The study shows evidence to the harmful effects of smoking and the positive benefits of early cessation, both much greater than previously thought.
"Both in the UK and in the USA, women born around 1940 were the first generation in which many smoked substantial numbers of cigarettes throughout adult life," Sir Richard Peto, professor at the University of Oxford and one of the lead authors of the study, said in a statement.
"Hence, only in the 21st century could we observe directly the full effects of prolonged smoking, and of prolonged cessation, on premature mortality among women," he said.
At least 20 percent of the study participants were smokers, 28 percent were ex-smokers, and 52 percent had never smoked, when the survey began.
Three years later, researchers used National Health Survey (NHS) records to track the number of deaths in participants and to figure out the cause of death over an average 12-year period from the time the women joined the study.
They found that women who still smoked at the end of three years were three times more likely to die over the next 9 years as compared to non-smokers. Those women who quit smoking before reaching 40 years of age were 1.2 times more likely to die over the same period as compared to non-smokers, reported LiveScience.
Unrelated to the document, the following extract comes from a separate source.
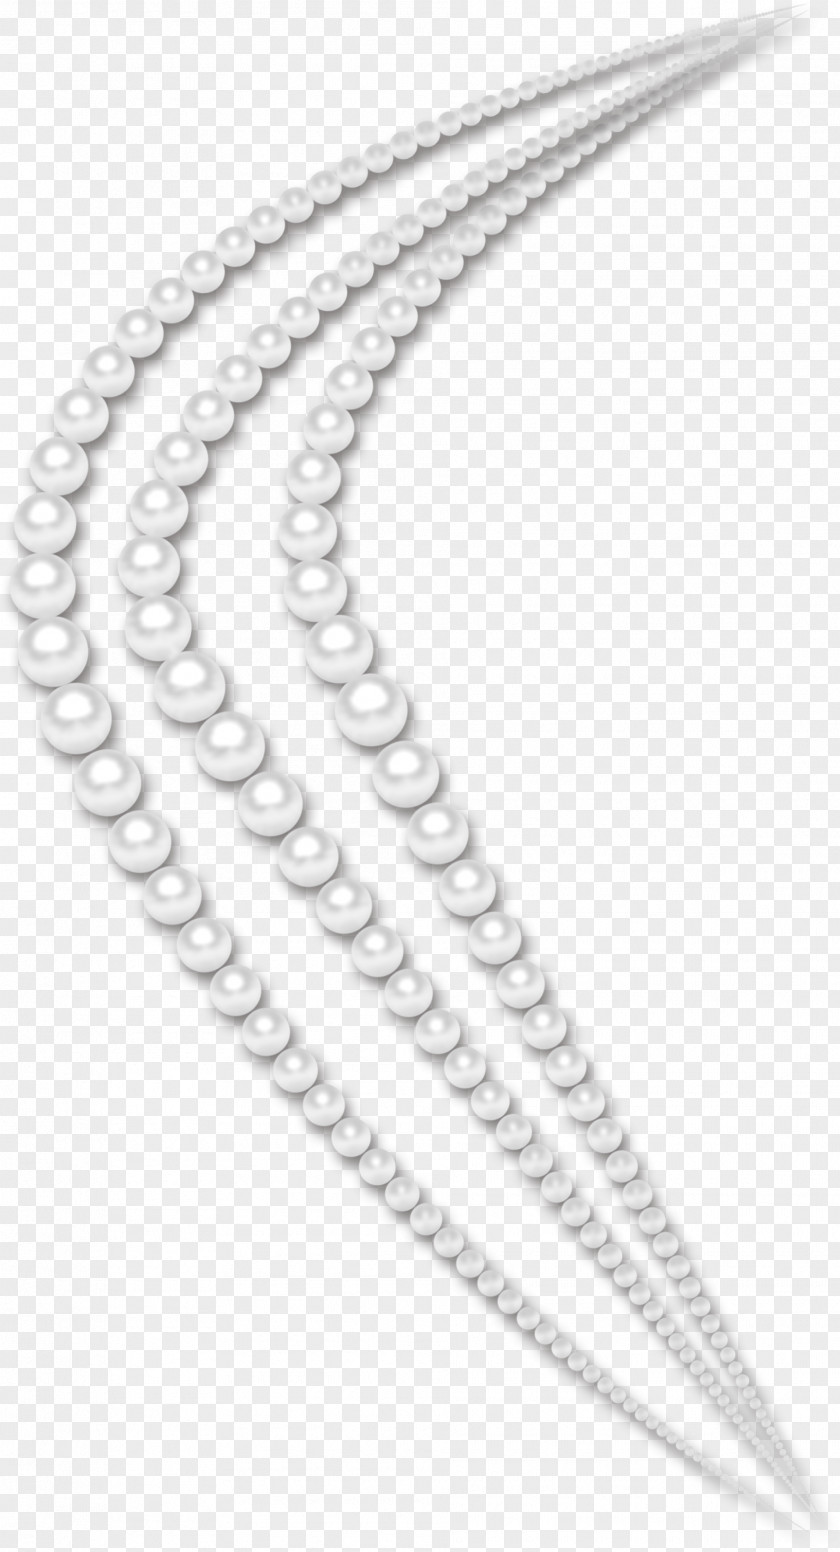 Necklace Pearl Parelketting Clip Art Digital Image PNG

And those women who stopped smoking by the age of 30 could reduce 97 percent of the risk of death caused by smoking. However, experts warn that the results do not mean that women could continue smoking until the age of 40 before they give up smoking.
Experts also noted that the risk of smoking increased with the amount of cigarettes smoked. Death rates doubled even for light smokers, who smoked between one and nine cigarettes a day when compared with non-smokers.
The findings of the study, "The 21st century hazards of smoking and benefits of stopping: a prospective study of one million women in the UK," are published in the The Lancet journal.